TASK DIRECTIONS - Output the full listing below exactly as it reads, and skip anything that is a picture.

GIVEN DATA -
★ ★ ★ ★ ★ ★ ★

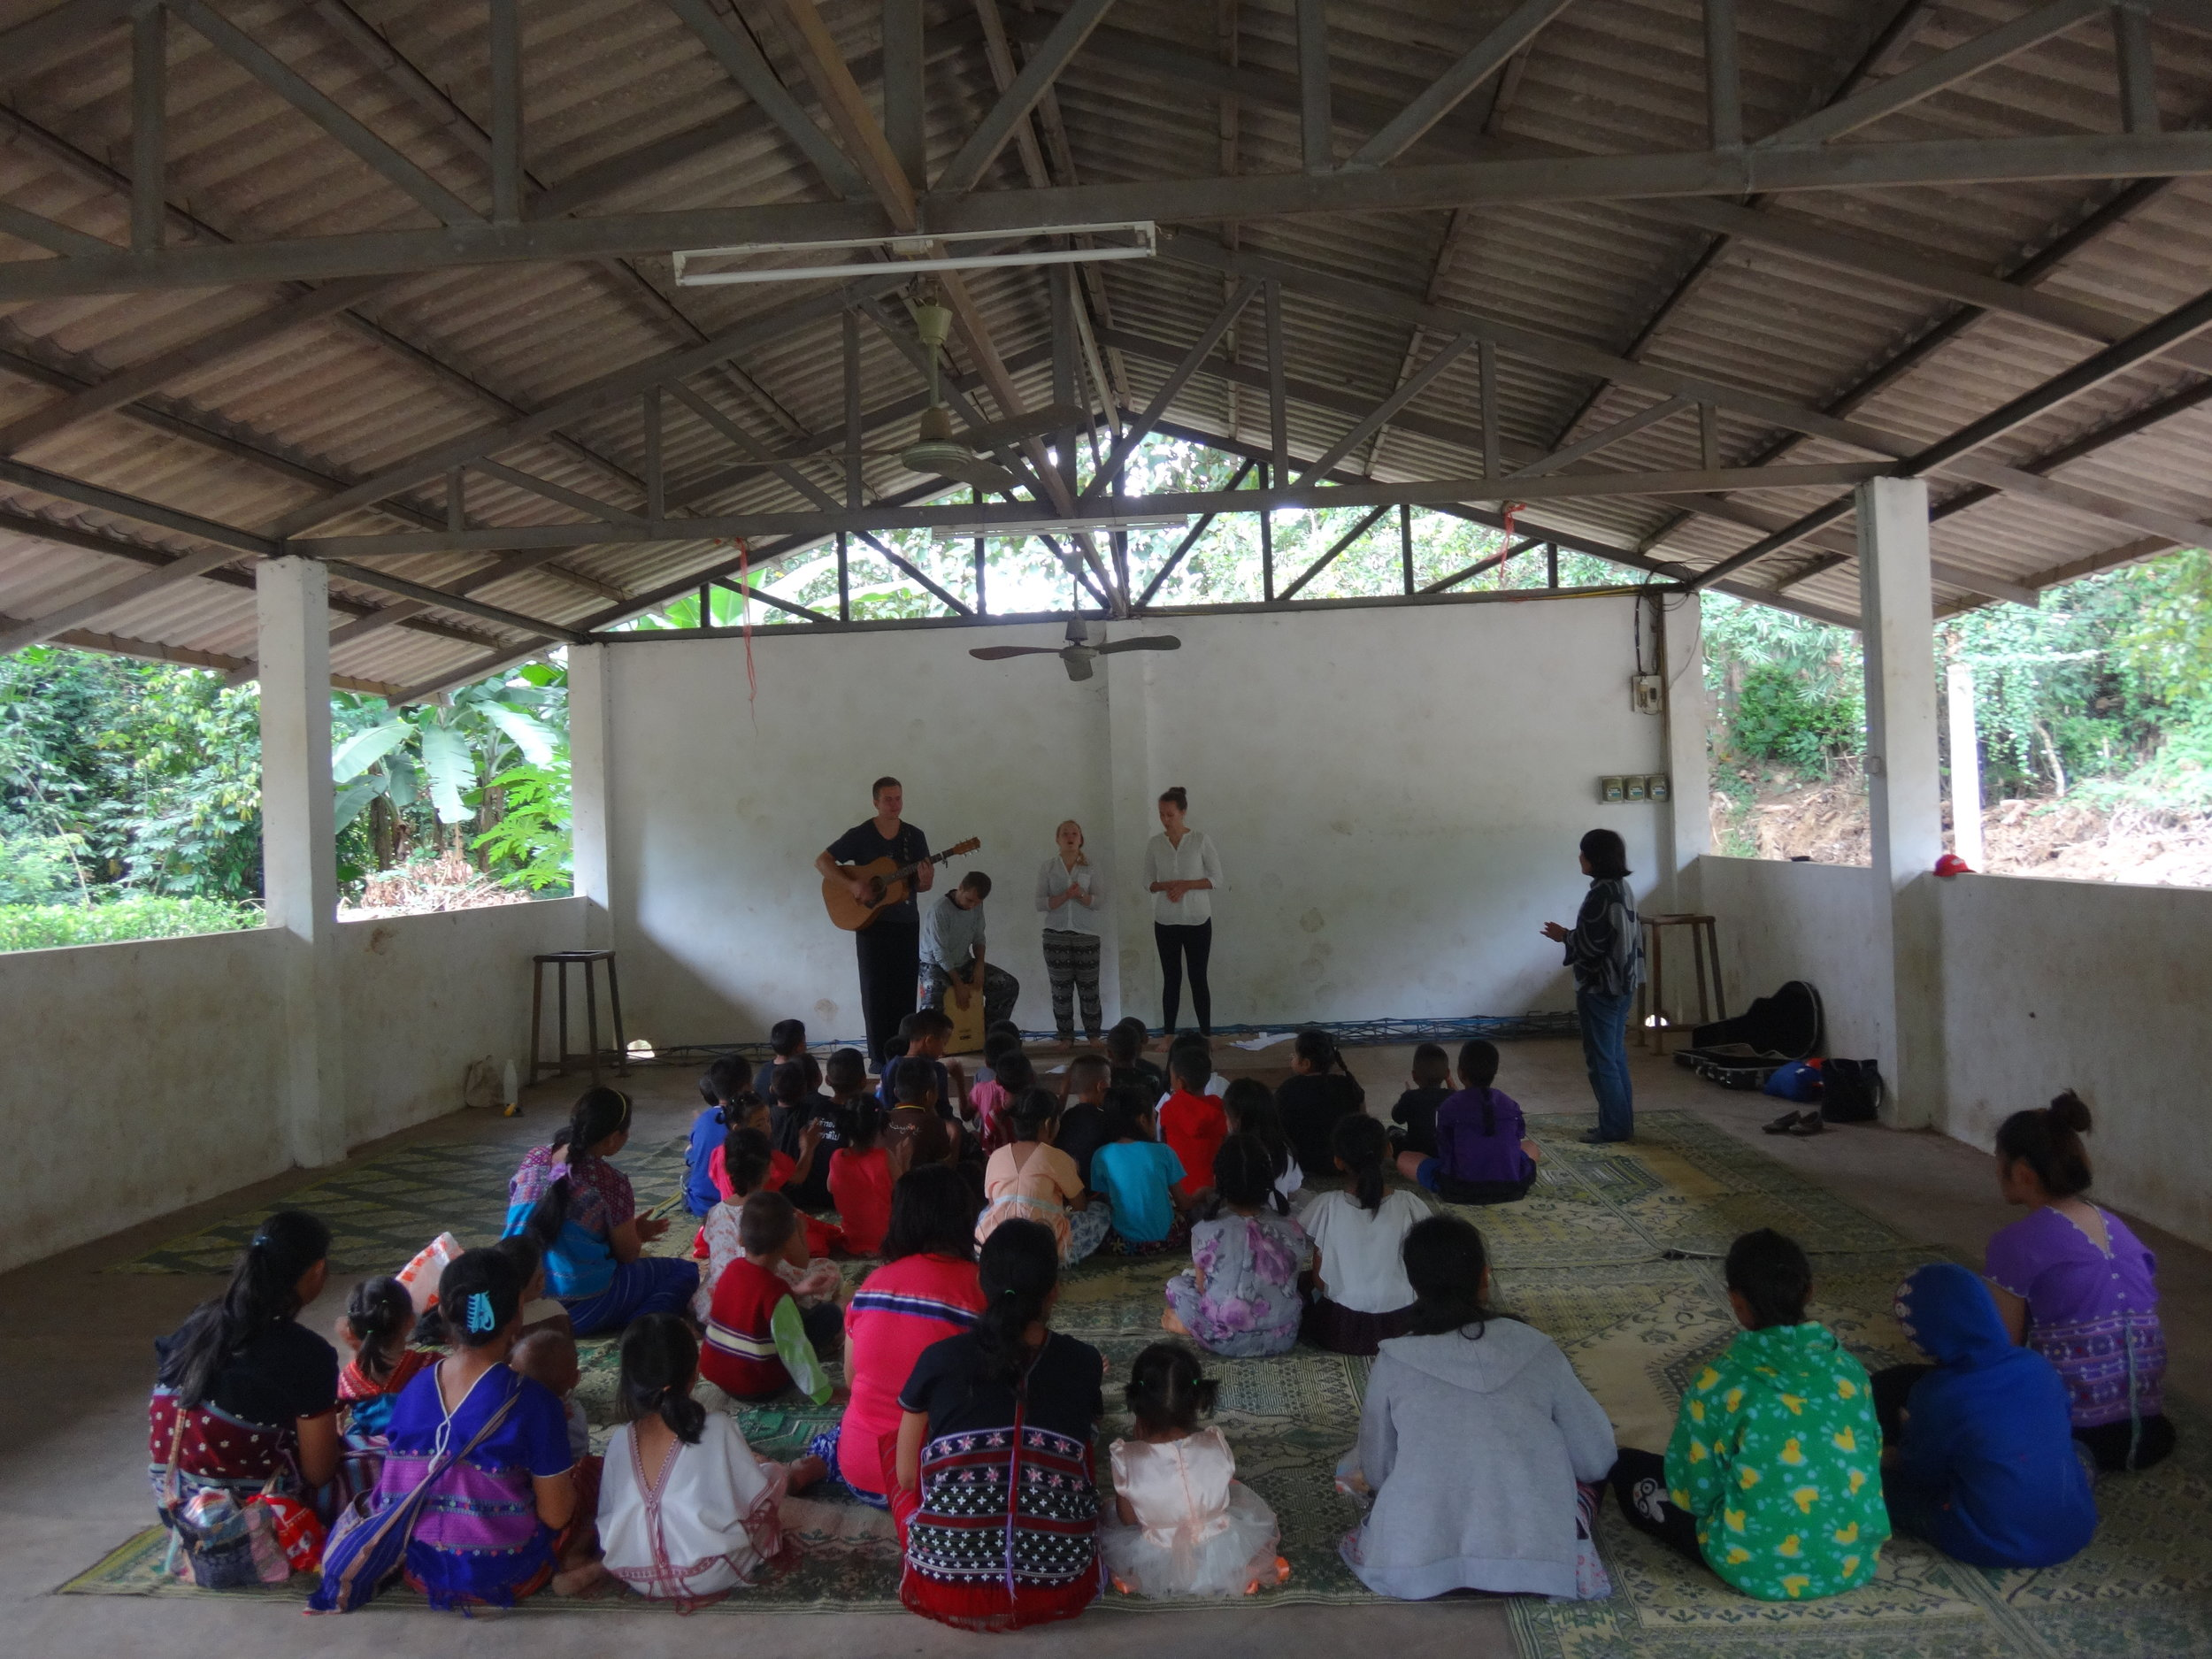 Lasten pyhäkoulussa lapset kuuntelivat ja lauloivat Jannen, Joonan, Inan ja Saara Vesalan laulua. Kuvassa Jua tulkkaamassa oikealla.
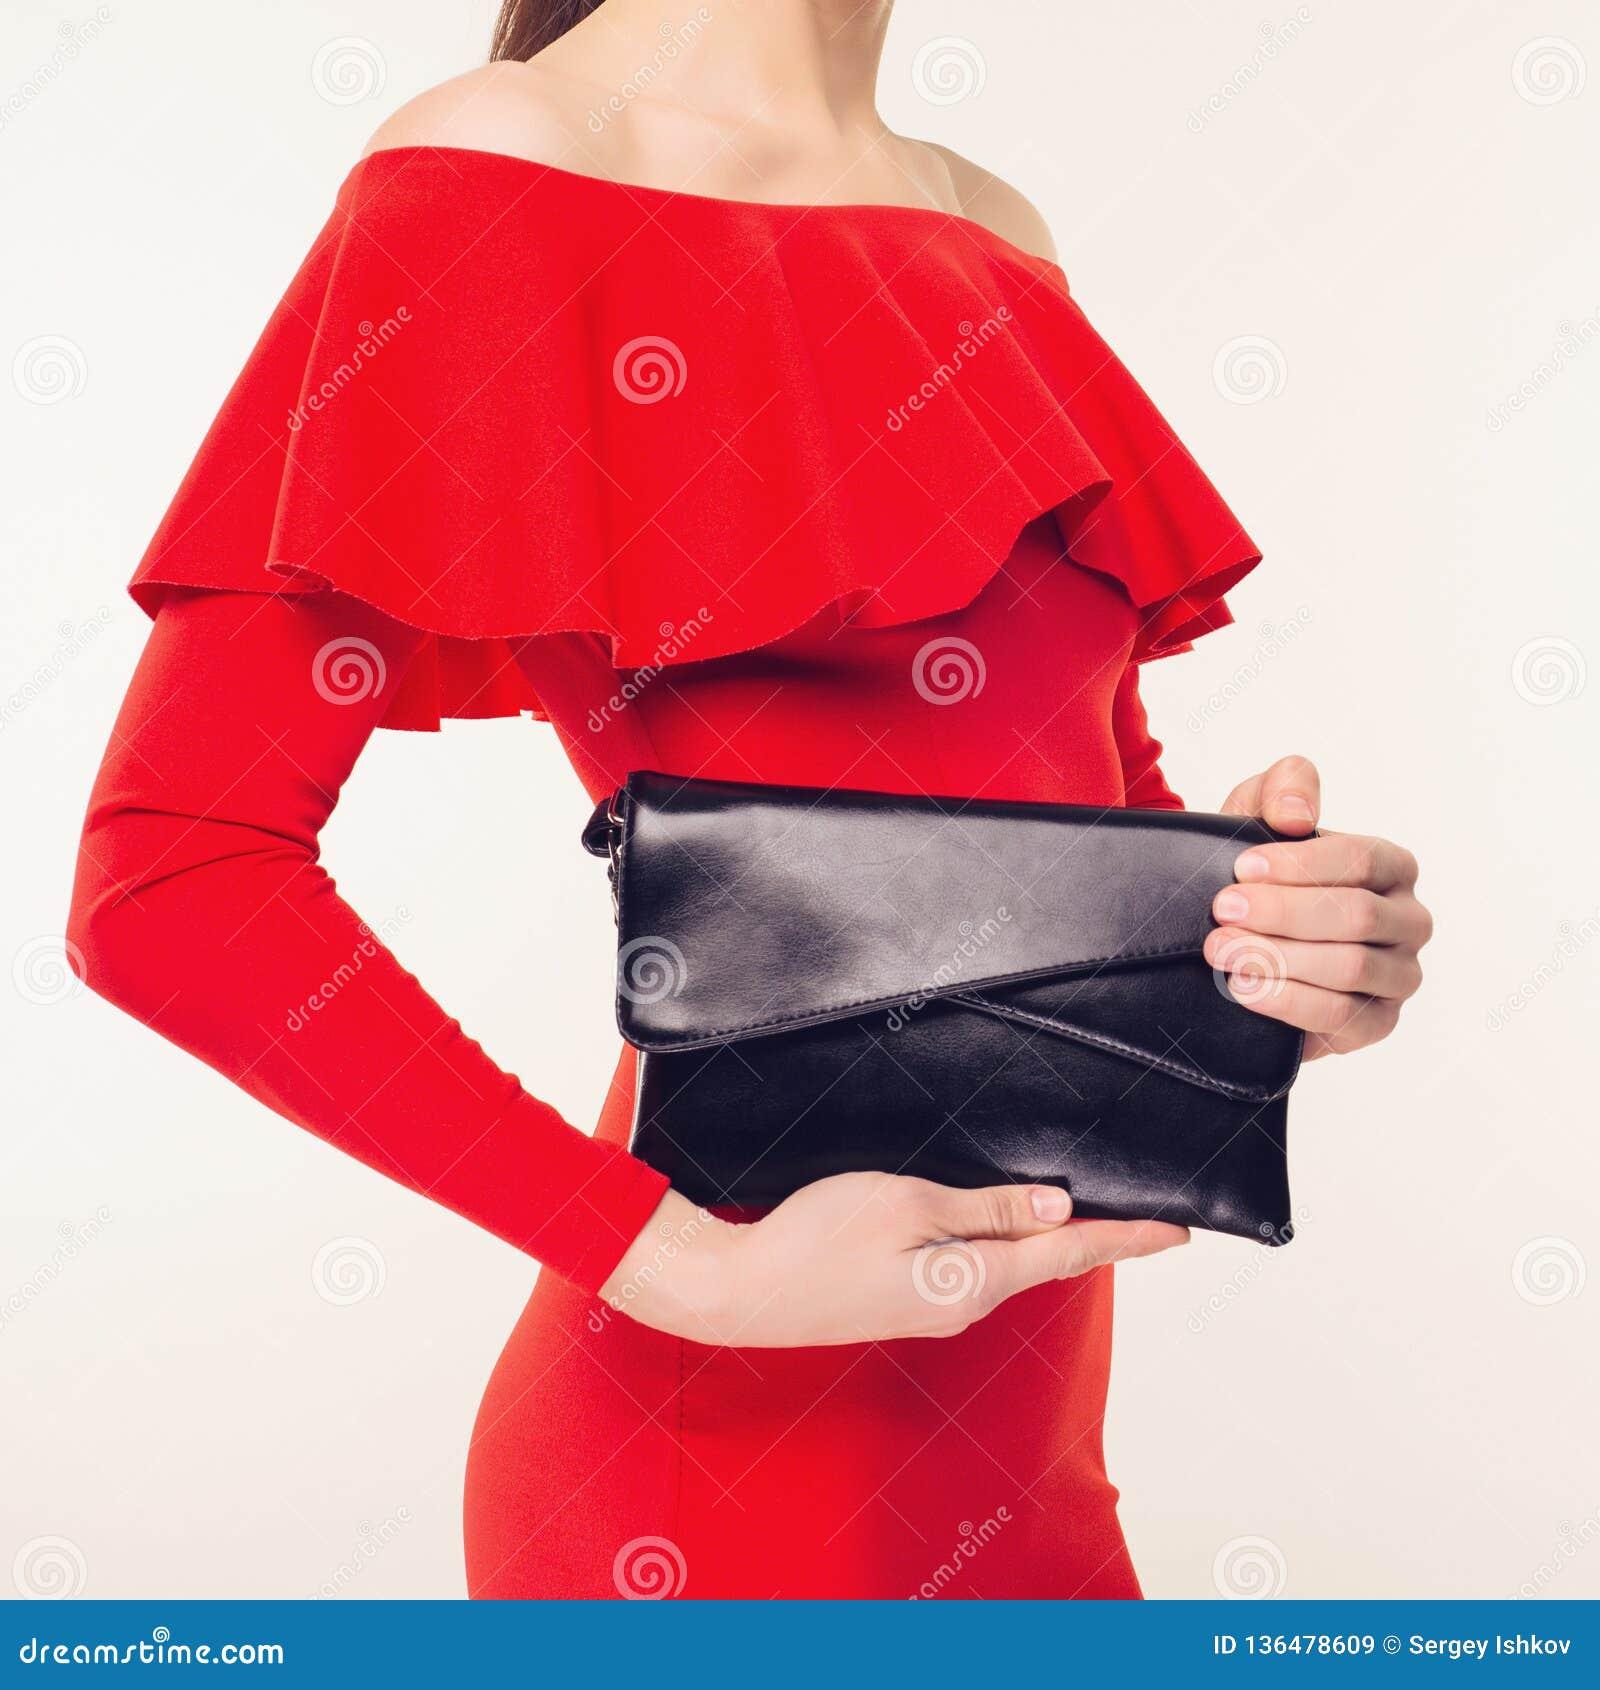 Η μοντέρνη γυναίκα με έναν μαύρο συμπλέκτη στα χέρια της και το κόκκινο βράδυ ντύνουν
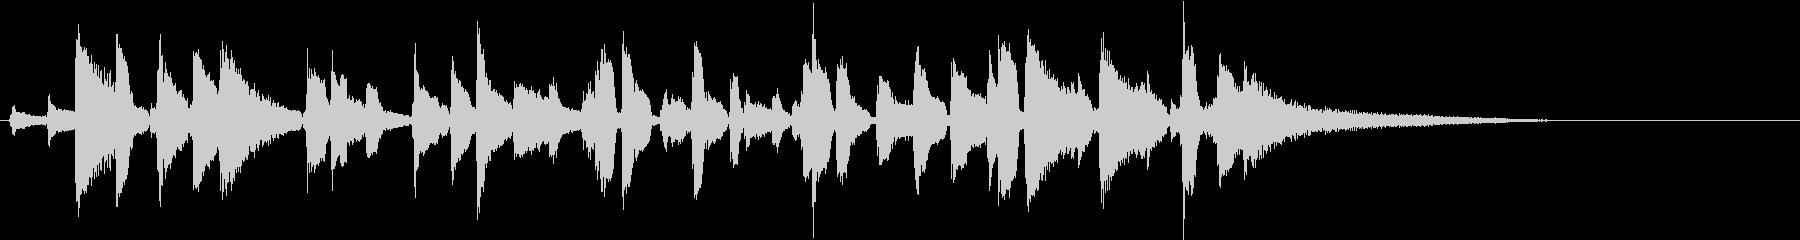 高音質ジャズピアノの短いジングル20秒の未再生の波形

★ ★ ★ ★ ★ ★ ★

REPLY -
 Lasten pyhäkoulussa lapset kuuntelivat ja lauloivat Jannen, Joonan, Inan ja Saara Vesalan laulua. Kuvassa Jua tulkkaamassa oikealla.
 Η μοντέρνη γυναίκα με έναν μαύρο συμπλέκτη στα χέρια της και το κόκκινο βράδυ ντύνουν
 高音質ジャズピアノの短いジングル20秒の未再生の波形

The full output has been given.